Adds John Magee, senior director of Oracle 9i: "J2EE is running 3 to 1 ahead of .NET. inside enterprise."
David Bernstein, CTO of enterprise apps developer Chordiant Software, says much the same: "Not one customer has asked us about .NET. We are neutral on this. If a customer asked for .NET, we'd have no problem with the request. But nobody is asking."
Should these votes nudge you into the J2EE camp? Not so fast. Microsoft can never be counted out of any fight so quickly and, for sure, the noise from top executives in Redmond, WA, is that Microsoft is staking a big chunk of the company's future on its .NET initiative. In an interview at that October PDC, Bob Muglia, group vice president of the .NET services group, said, ".NET is Microsoft's platform for XML Web services. It is the foundation for the next generation of software." The unmistakable message is that Microsoft is determined to bring .NET up to parity with J2EE in terms of features, performance, and installed base. Then, too, when the Redmond behemoth stakes out a position, smart Web services professionals sit up and take notice. "Microsoft is Microsoft. They will be there in this fight," says Pete Conner, a CTP at IT consultancy Primitive Logic.
Chew on this too: "The reality is that both .NET and J2EE will get users," says Jack Walicki, general manager of HP Web Services Operation and J2EE systems integrator. "It's no leap of faith to envision a company building services on both platforms." Even so, Walicki acknowledges that most businesses probably will standardize on either .NET or J2EE (HP, he says, uses J2EE "because that's the tool we were given"). To make this choice shrewdly, Walicki urges, "The key is to start by understanding what you've done so far, what technologies are you now using, and what do you want to accomplish with a Web services platform?"
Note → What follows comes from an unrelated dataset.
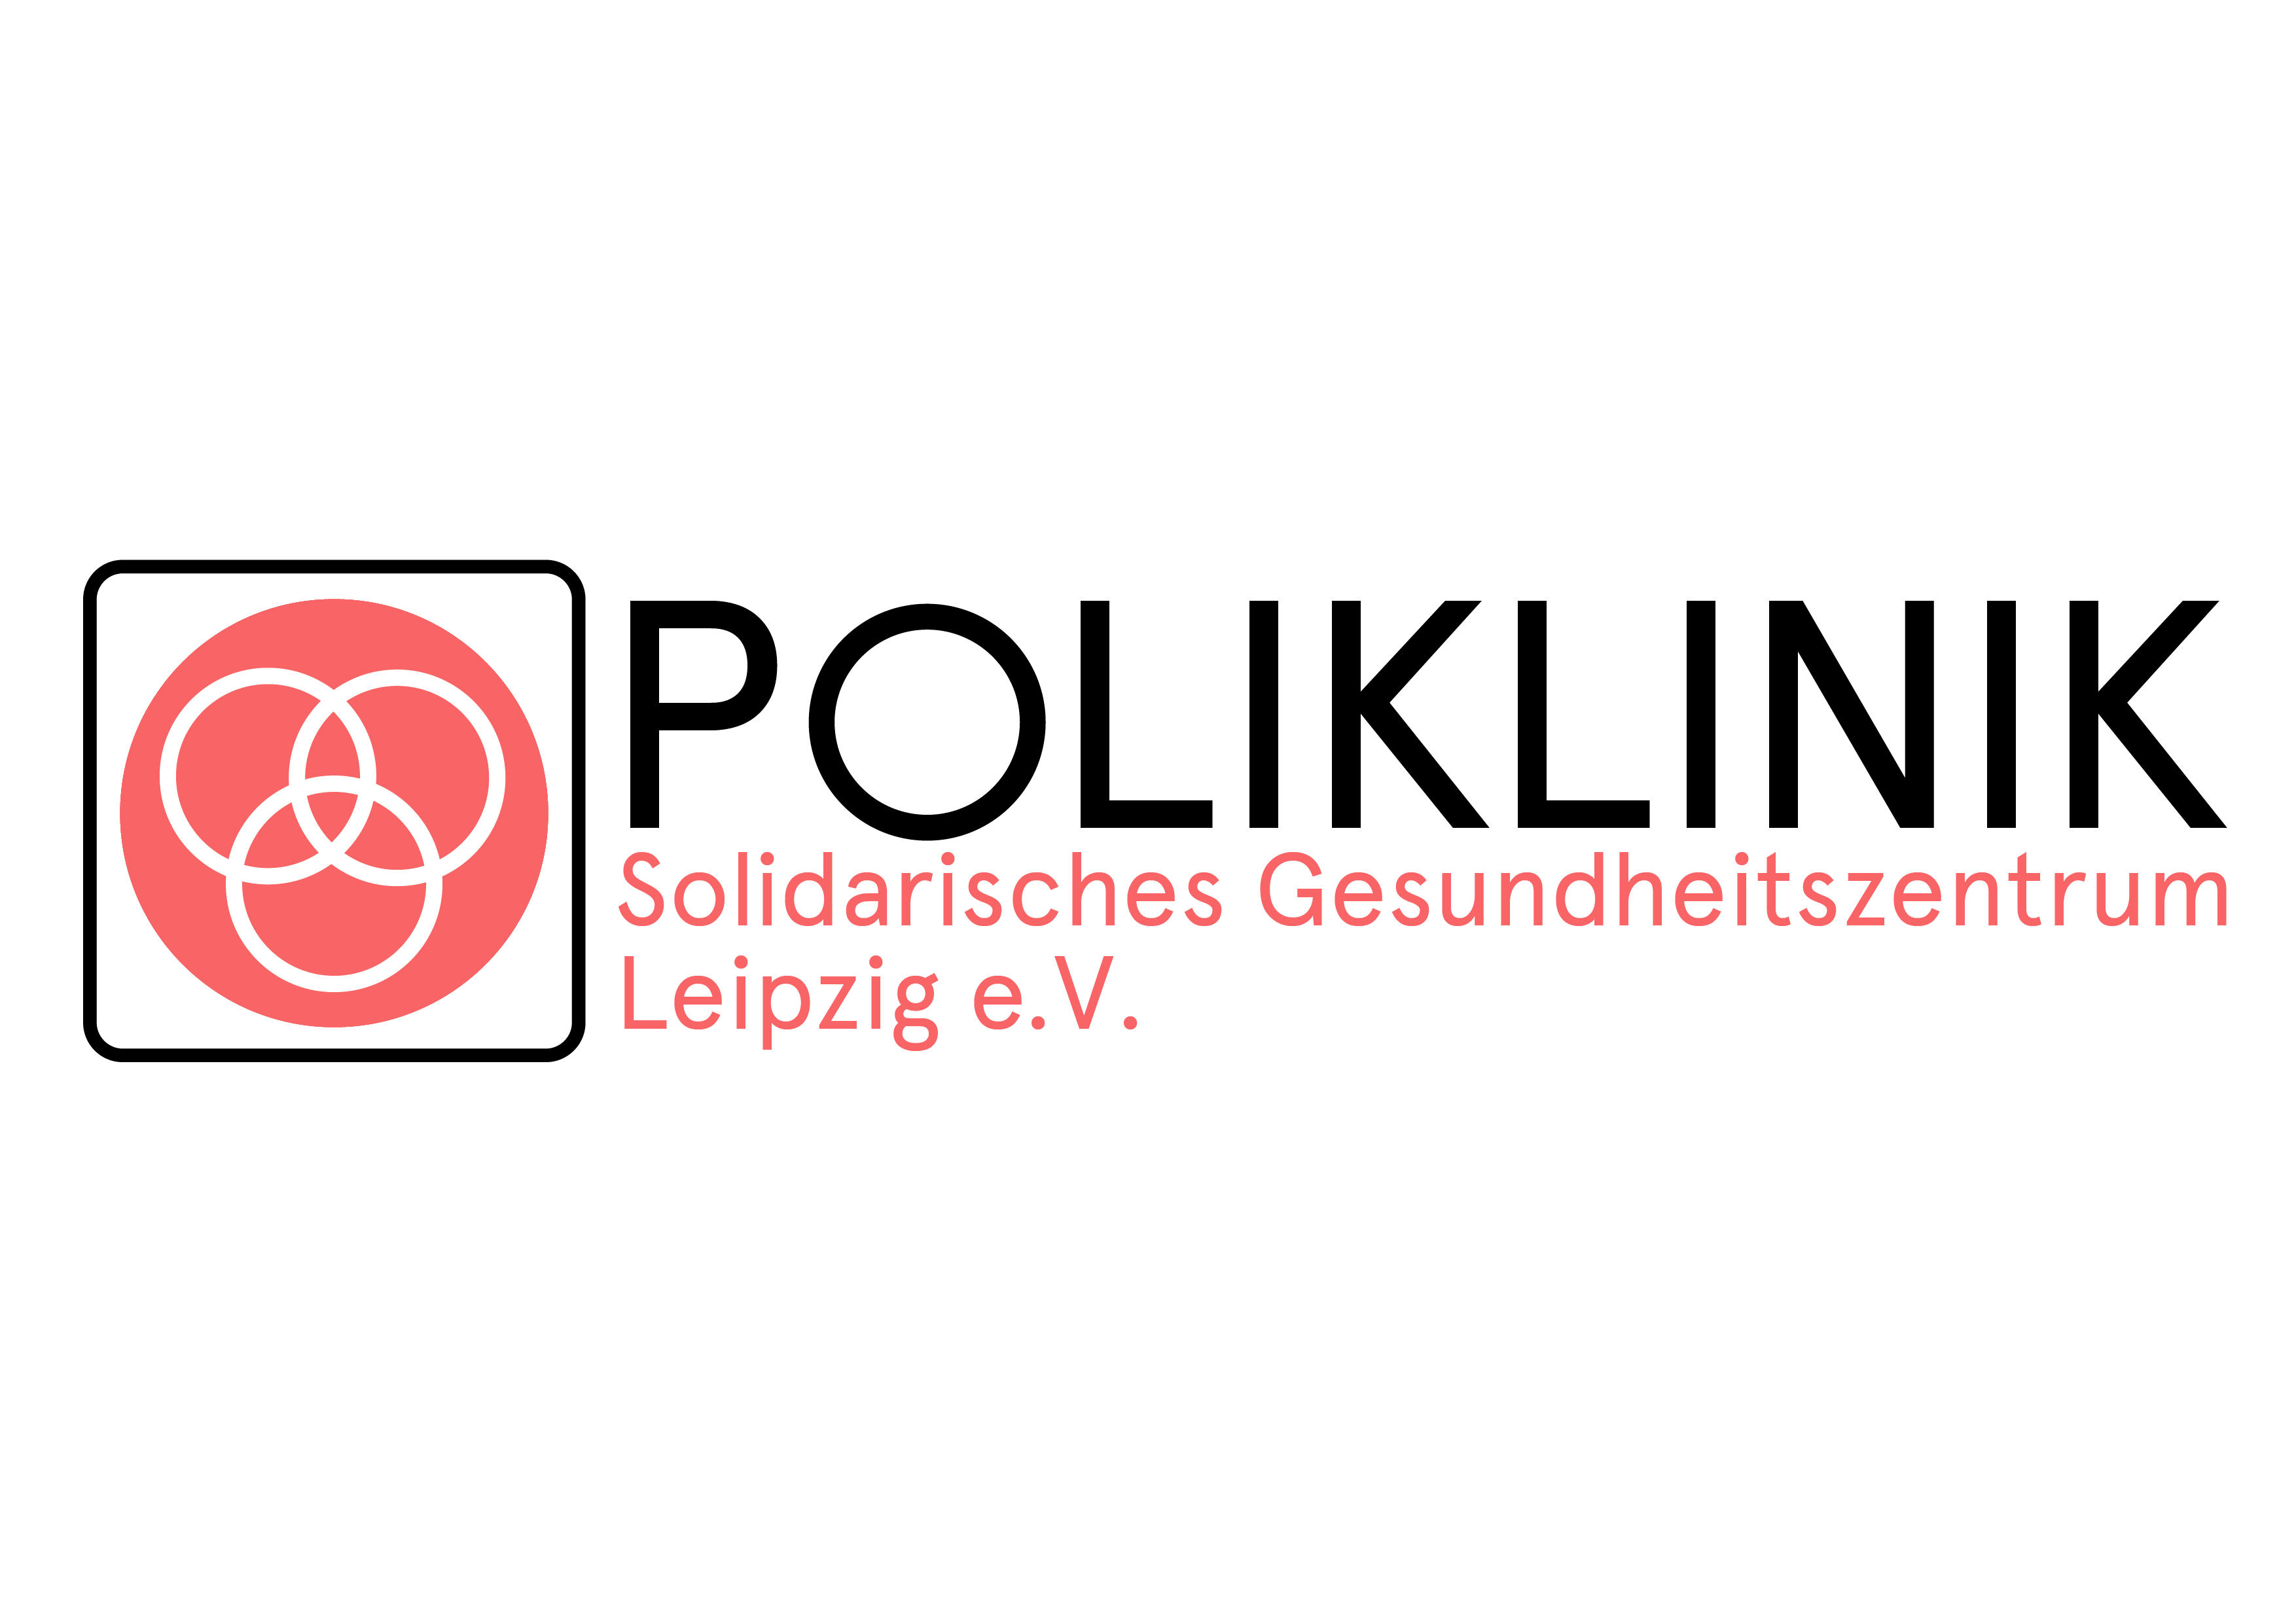 Poliklinik – Solidarisches Gesundheitszentrum Leipzig

"With our customers," he adds, "we don't start by telling them what to do or which to pick. We begin by asking them questions, to figure out where they are and where they want to get to. That's how the best choices will emerge."
A big issue, say the consultants, is that an enterprise that is already running plenty of UNIX or LINUX boxes and has attained a level of comfort with Java, probably will tilt towards J2EE. It's a proven tool for extending legacy systems and applications into Web services. Conversely, a business that is Microsoft-centric - particularly one that's looking to extend the desktop into Web services - probably will want to give .NET a hard look. Are these rules of thumb decisive? Hardly; they're starting points for arriving at a decision, say the analysts, and a lot more investigation needs to be done before any significant enterprise reaches a standardization decision.
Sound off for .NET
Just how do J2EE and .NET differ? J2EE, for instance, is a standard supported by upwards of 18 heavyweight IT players (BEA, IBM, Borland, Sun, Oracle, HP, and many others sell tool sets for implementing J2EE). .NET, by contrast, is a product (it's not yet shrink-wrapped but soon may be) that comes from a sole vendor, Microsoft, and support from major IT players is slender. There's a plus for .NET here, however; implementation will soon likely be as easy as making one call to Microsoft, whereas a J2EE implementation typically involves buying tools from multiple vendors and patching them together. Multi-vendor J2EE solutions are rarely elegant, are never plug and play, and patching them together into viable, working solutions usually isn't quick or easy. Forrester Research, for instance, reports (in "Putting J2EE To Work"), that "22 of the 50 technology decision-makers we surveyed said their J2EE projects took longer than planned, and 23 reported that their projects ran over budget." Simply
put, a J2EE implementation is complex.
That's a common woe raised by independent developers.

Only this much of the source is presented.